Matt: Again, the idea is to teach students that safety is an exercise in critical thinking. And that this exercise is a core part of doing chemistry. But you need an entire organization, not just students, to buy into that philosophy.
Ralph Stuart: How you really develop a culture of safety is by connecting the safety work to the mission. A lot of times, safety is presented as something to distract you from the scientific mission or the technical mission. But I think when people recognize that it really enhances your science, enhances your work, and helps you get your work done more quickly and more effectively, then the safety work that we’re asking them to do really adds value to their job. And that’s when it really becomes part of the culture.
Matt: We will have a collection of links that we share with this podcast to point you to all the safety resources that we talk about. And we are going to talk about even more of them later on. But before that, I also had a chance to talk to Deborah Davis about the importance of training. She’s currently in marketing development at ExxonMobil, but she came up through the company as a polymer chemist, and she still is a safety advocate. Based on our conversation, it kind of sounds like they are all over building that mind-set we heard about from Ralph. Debi was very clear with me that, at ExxonMobil, it’s not just about results.
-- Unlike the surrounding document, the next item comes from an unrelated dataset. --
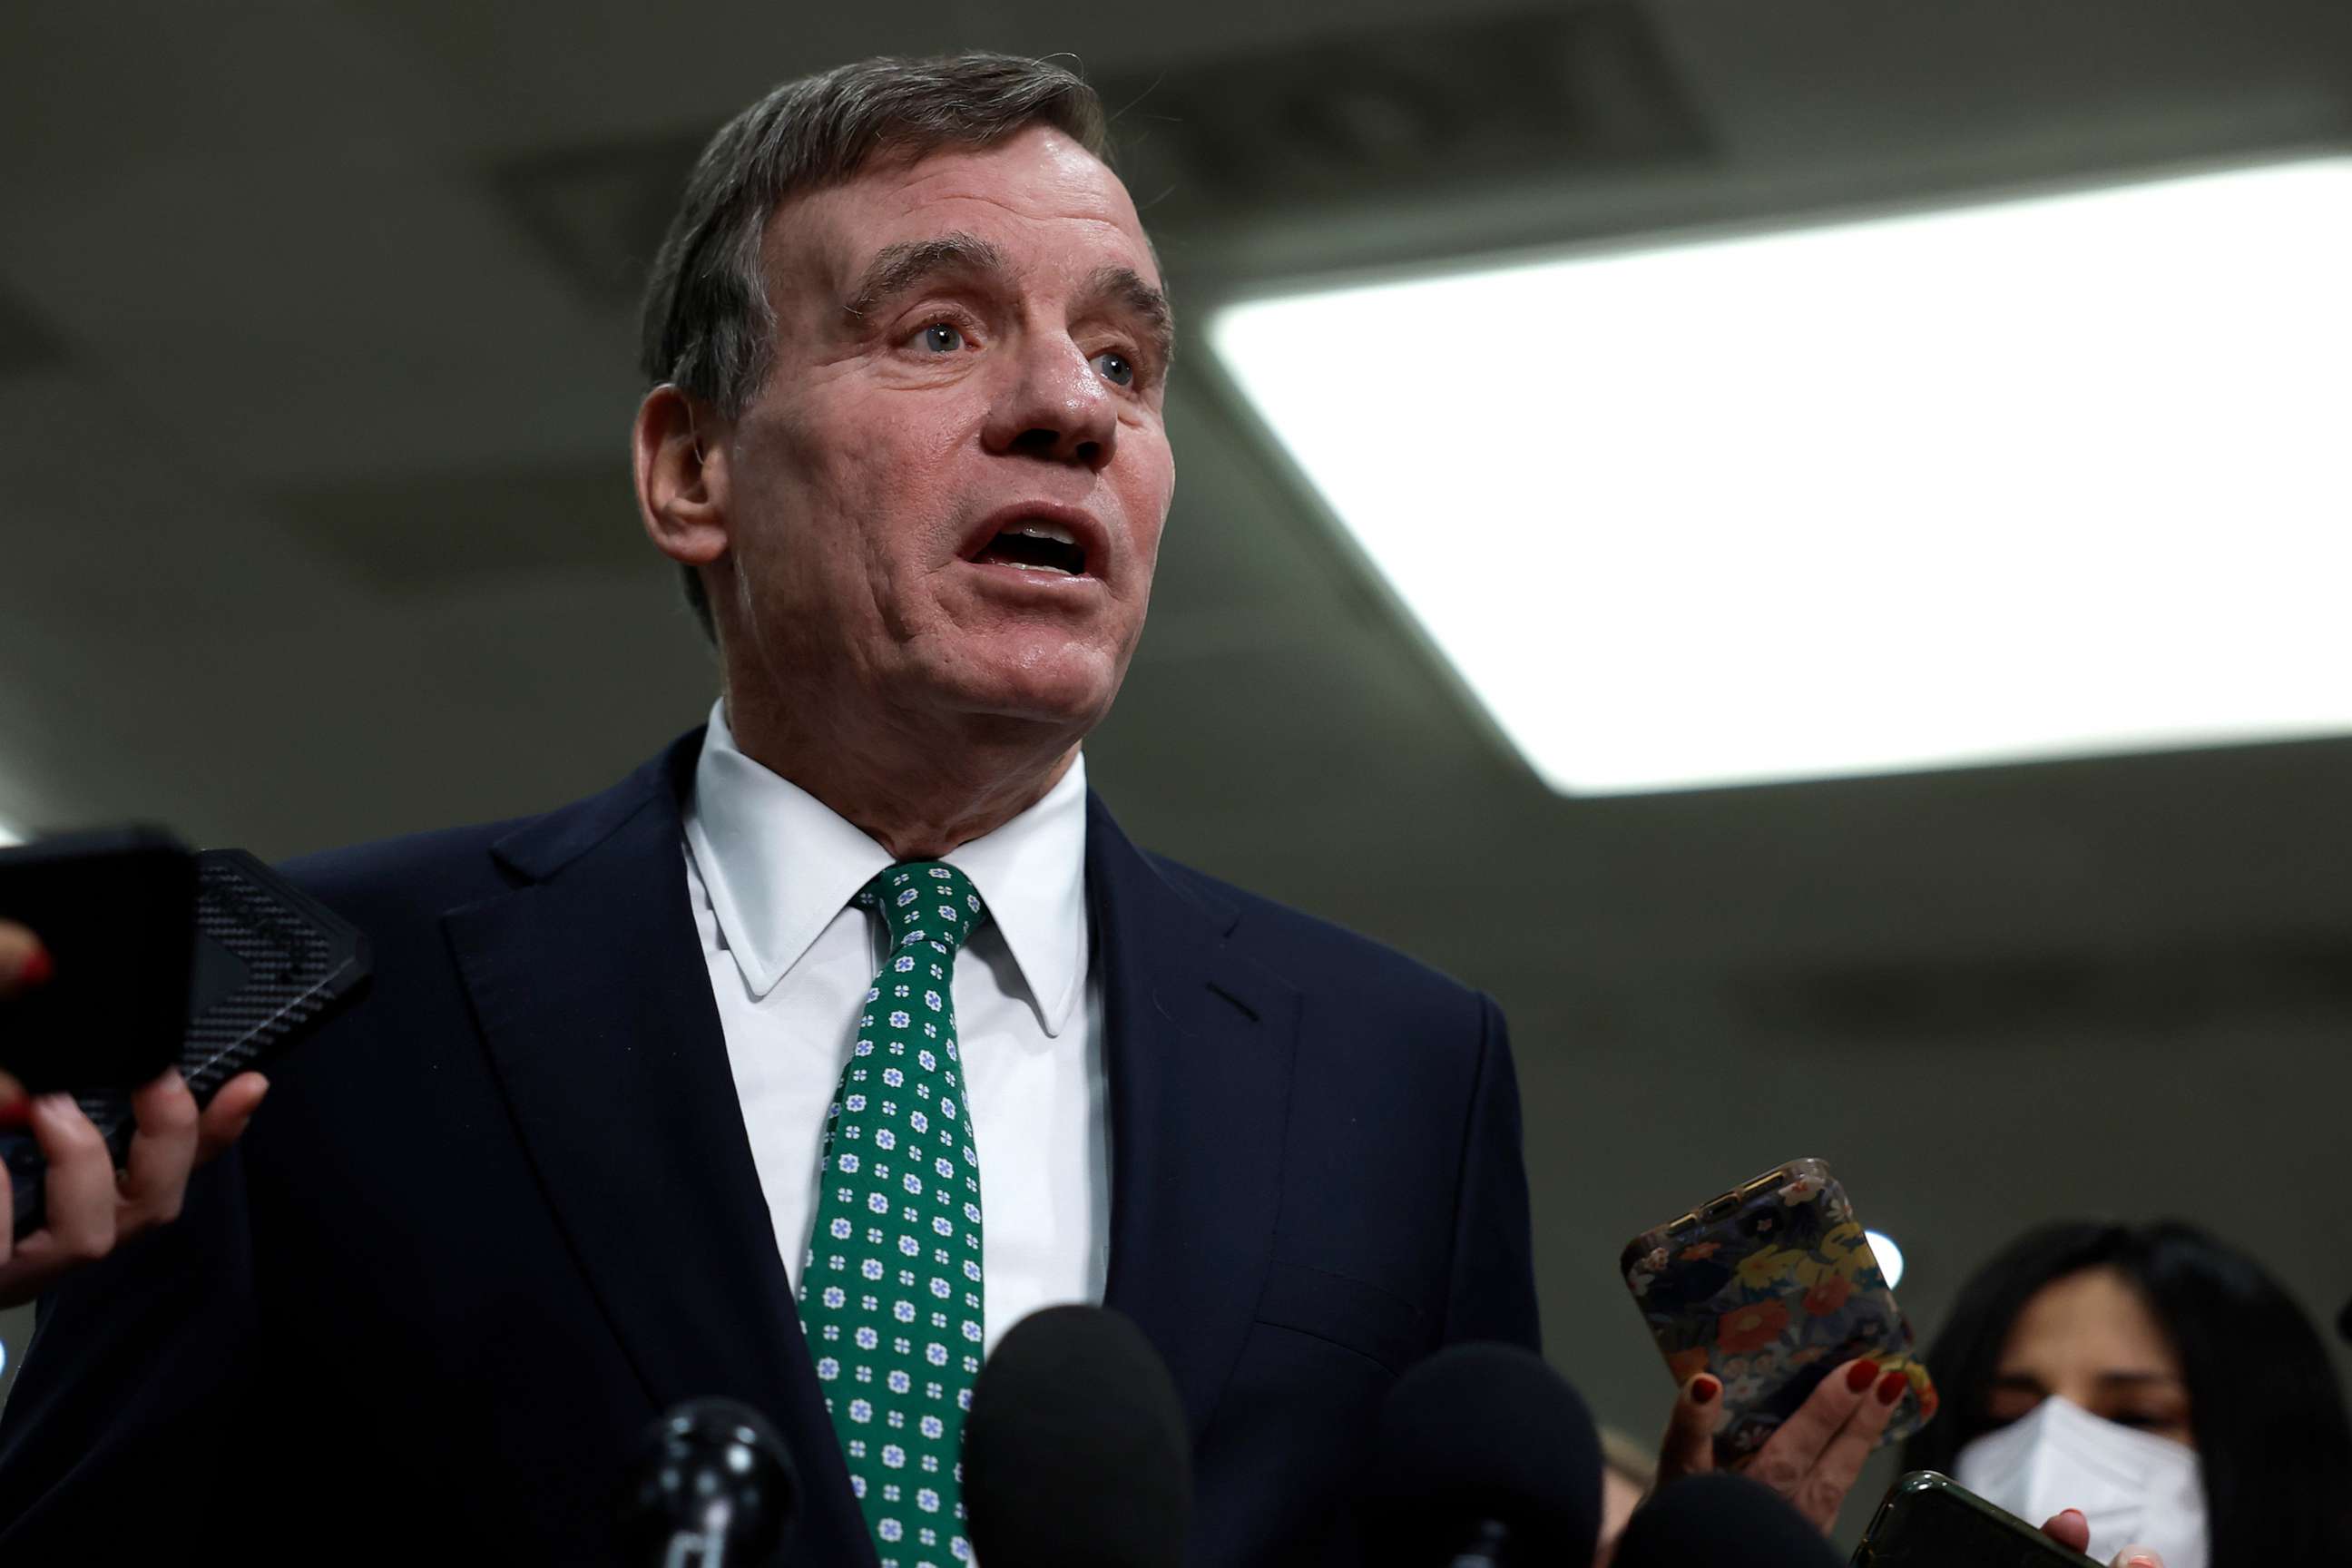 PHOTO: Sen. Mark Warner speaks with reporters after attending a closed-door, classified briefing for Senators at U.S. Capitol Building on Feb. 14, 2023, in Washington, D.C.

Deborah Davis: How you get the results is just as important. We’re not going to do it at the risk of safety. And there’s a lot of policies and procedures and structure around that that helps them get through that. One of the statements that we have is “Everybody’s a safety leader.” Everybody. Anybody is empowered to stop any experiment at any time. That’s absolutely the truth. So that’s where they will struggle sometimes when somebody will interrupt their work and say, “Did you do this?” or “Did you do that? Did you think about that?” or “That doesn’t look safe with me.”
So when somebody gives you a feedback that says I don’t think what you’re doing is safe. If they come back and they receive that feedback very negatively and get very defensive, it’s going to be difficult for them until they learn that, “OK, I do have to get better at this. I do have to receive that feedback and that they took the time to care enough to stop what I’m doing.” So that should be a “thank you” and not necessarily get defensive and get upset and angry. They’re actually trying to help you. So we do see some struggles in that area. And I’m sure every other industrial company sees the same thing.
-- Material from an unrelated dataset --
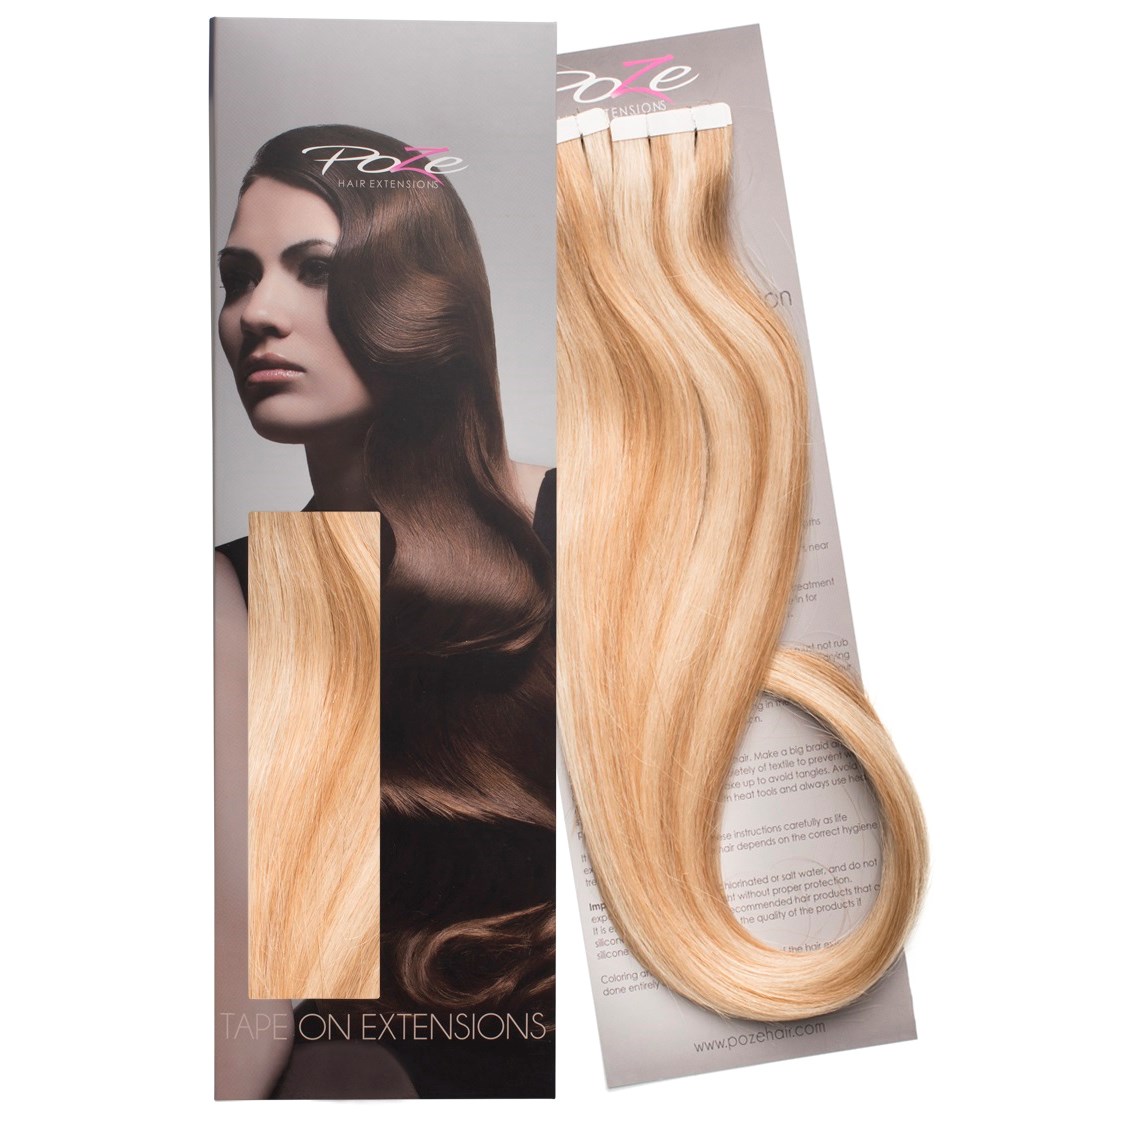 Läs mer om Poze Hairextensions Poze Tape On Extensions P12NA/10B Sunkissed Beige

We absolutely need results, and we will get results, but we will get it safely. Because one incident can shut that project down if you blow up a lab or a hood or somebody in that area gets hurt or there’s a release. Everything shuts down until they figure out why it happened. How can we prevent it? I promise you you’re going to be much faster at preventing those things than you are at cleaning it up.
Matt: When we’re thinking about safety culture, Jyllian, what to you is the biggest difference between industry and academia?
Jyllian: I think the biggest difference is that academia has, on average, a much younger workforce and much higher turnover than industry does. And 20-year-olds think they’re invincible. I certainly did. I’m sure you did. I’m sure everyone we knew in our 20s also felt they were invincible, and I have a much better appreciation and awareness for my own health and safety now than I did in my 20s. So I think there’s a different perspective in the industry workforce because you have a proportionately older and more experienced workforce.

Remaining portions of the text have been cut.